Maryland weirdos are the only true weirdos.

Otto Insurance (Boring, Maryland), Friday, 8 April 2022 01:04 (two years ago) link

With Glenn now!

Evan, Friday, 8 April 2022 01:22 (two years ago) link

"Acid Folk" still sounds right, no lie---in that I can still see thee guy with curtains of hair being closed by beard---because even fewer teeth now---hunched over his guitar and looking at me---he's---still---fingerpicking

dow, Friday, 8 April 2022 01:50 (two years ago) link

You know?

dow, Friday, 8 April 2022 01:50 (two years ago) link

one year passes...

really digging Hitomi right now, the way he uses delay and echo

Perverted By Linguiça (sleeve), Thursday, 20 April 2023 03:43 (one year ago) link

Hitomi & Red Cross are the best of the later material IMO. Hitomi might have a slight edge but I love both a lot.

ian, Thursday, 20 April 2023 14:48 (one year ago) link

is Fahey even playing on that noisy side 4 track, the first one?

Perverted By Linguiça (sleeve), Thursday, 20 April 2023 14:51 (one year ago) link

"A History Of Tokyo Rail Traction
Featuring – Rob Scrivener*, Tim Knight"

Perverted By Linguiça (sleeve), Thursday, 20 April 2023 14:52 (one year ago) link

I don't remember where I read it, but I remember an anecdote that John was very enthusiastic about his 1997 collaboration with Jim O'Rourke ("Womblife") until John heard "Bad Timing", released the same month, and John called Jim up, upset, saying it was unfair that Jim would make and release a "better record" than the one they'd just made together.

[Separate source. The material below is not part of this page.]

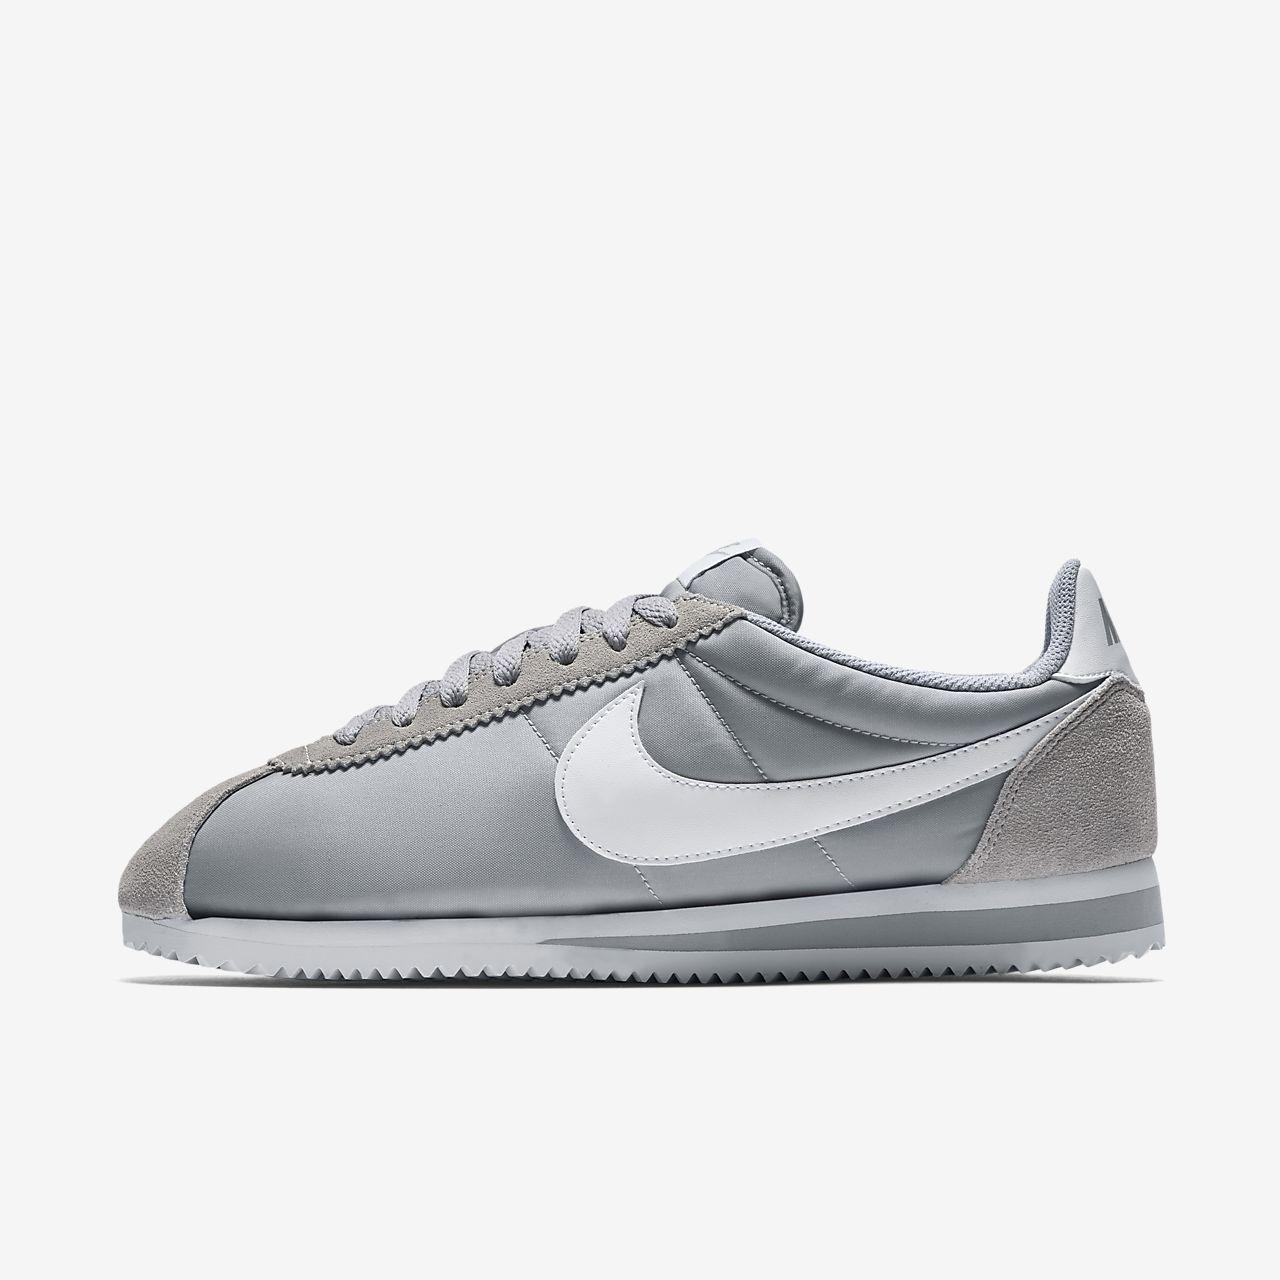 new styles 3148b b0e5c ... Chaussure mixte Nike Classic Cortez Nylon
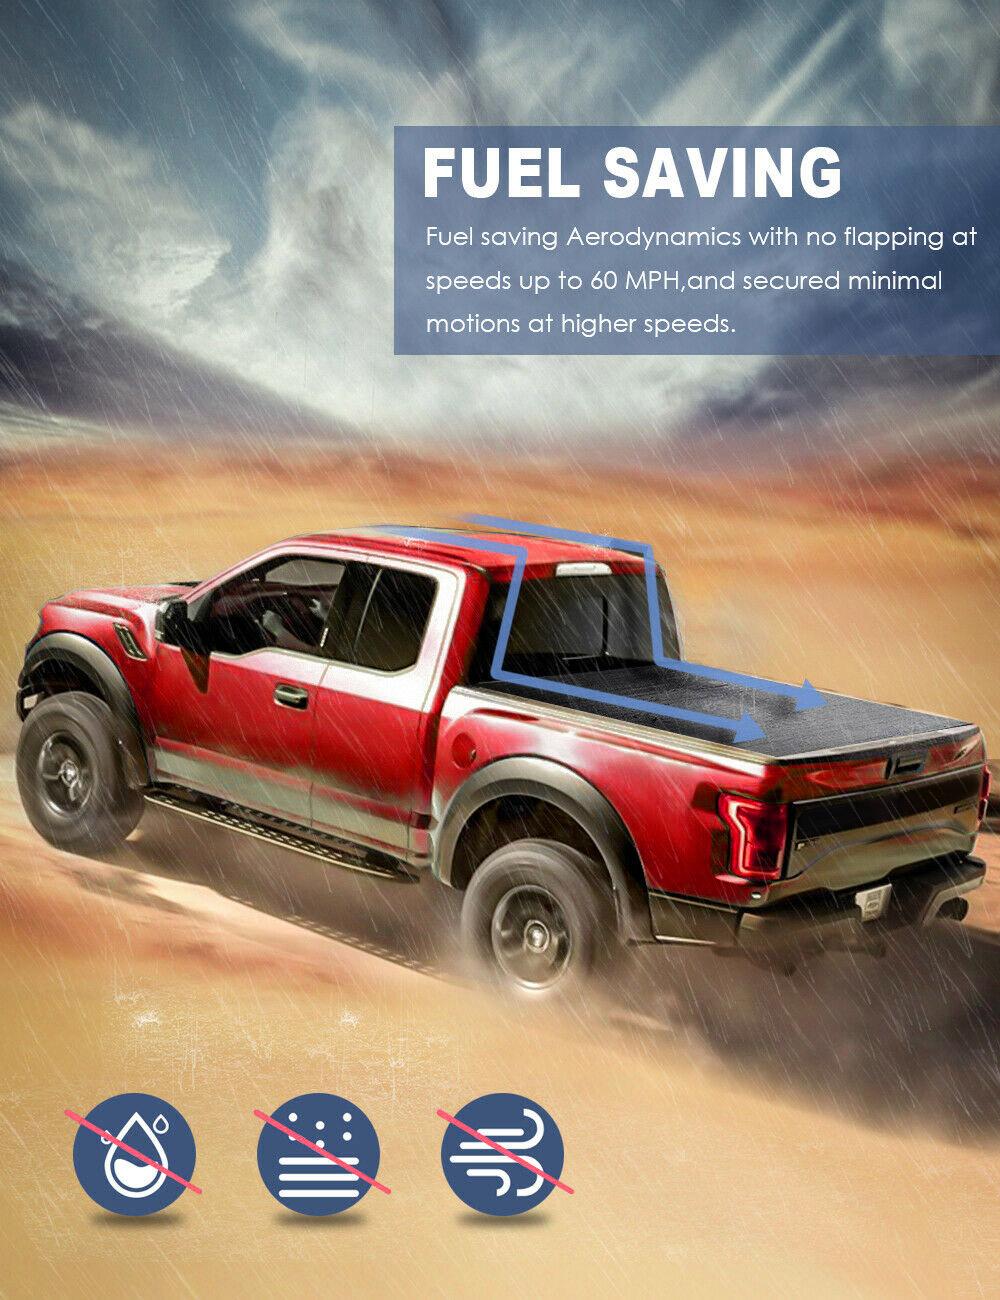 ::Truck Bed Tonneau Cover 4-FOLD 6.5FT For 2014-2019 Chevy Silverado / GMC Sierra

I don't remember where I read that! I think it must've been in that very-long MOJO obit article about John's final tour

the banshees of ed sheeran (flamboyant goon tie included), Thursday, 20 April 2023 15:43 (one year ago) link

Oh wow, that is an interesting tidbit. I mean, so many people could lob that at O'Rourke hah hah. "Why is the record you helped me with not as good as the one under your own name?" A fairly long list there.

grandavis, Thursday, 20 April 2023 16:59 (one year ago) link

haha, i imagine that if O'Rourke had presented Fahey with the concept for Bad Timing, John would've been like "ehhh that sucks."

tylerw, Thursday, 20 April 2023 17:11 (one year ago) link

I'm pretty sure it was the MOJO article, I think the verb used was "John whined". That article was working to portray Fahey's final years/months as rather pathetic, I remember crying in the CD store as I read the article from the issue off the shelf. I wish the article was online. As I recall, a Texas lawyer-slash-fingerpicker decided to set up a tour for himself and John Fahey, tracked John down, John was living in his car, there were half-eaten rotten hamburgers in the back seat, the tour was booked, the lawyer was not-a-great-guitarist but Fahey was worse at that time. I read it not knowing that Fahey had died and so the information that he had done so came as a twist and I started crying at age 21 in the store. I'd been learning guitar for three years at that point and everything I'd taught myself was either John Fahey or Nick Drake. I'd had tickets to see him in Toronto but the gig was cancelled and I didn't know why.

the banshees of ed sheeran (flamboyant goon tie included), Thursday, 20 April 2023 17:23 (one year ago) link

I always wondered how much of his late period experimentalism was masking an inability to play like he used to

Blues Guitar Solo Heatmap (Free Download) (upper mississippi sh@kedown), Thursday, 20 April 2023 17:25 (one year ago) link

I always heard it as him using his obvious limitations as a springboard for new ideas, which sounds prettier than "his skill had declined considerably so this was the best he could do," but yeah. I really love Red Cross. There's no other record that sounds anything remotely like it.

Paul Ponzi, Thursday, 20 April 2023 17:39 (one year ago) link

using his obvious limitations as a springboard for new ideas

100% agree w/this

Perverted By Linguiça (sleeve), Thursday, 20 April 2023 18:51 (one year ago) link

in 1998, Fahey opened for John Hammond at tramps in Chelsea, my only time seeing him. Fahey's indie cred as you guys all know was then and has been since off the charts, whereas Hammond's was then and is now nil. And yet there were not that many guys like me there…thurston was there, unsurprisingly, but overwhelmingly it was blues bores who went to tramps for Walter Wolfman Washington and otherwise were more likely to go to the Bottom line to see Hammond on a double bill with Kenny Rankin or some shit…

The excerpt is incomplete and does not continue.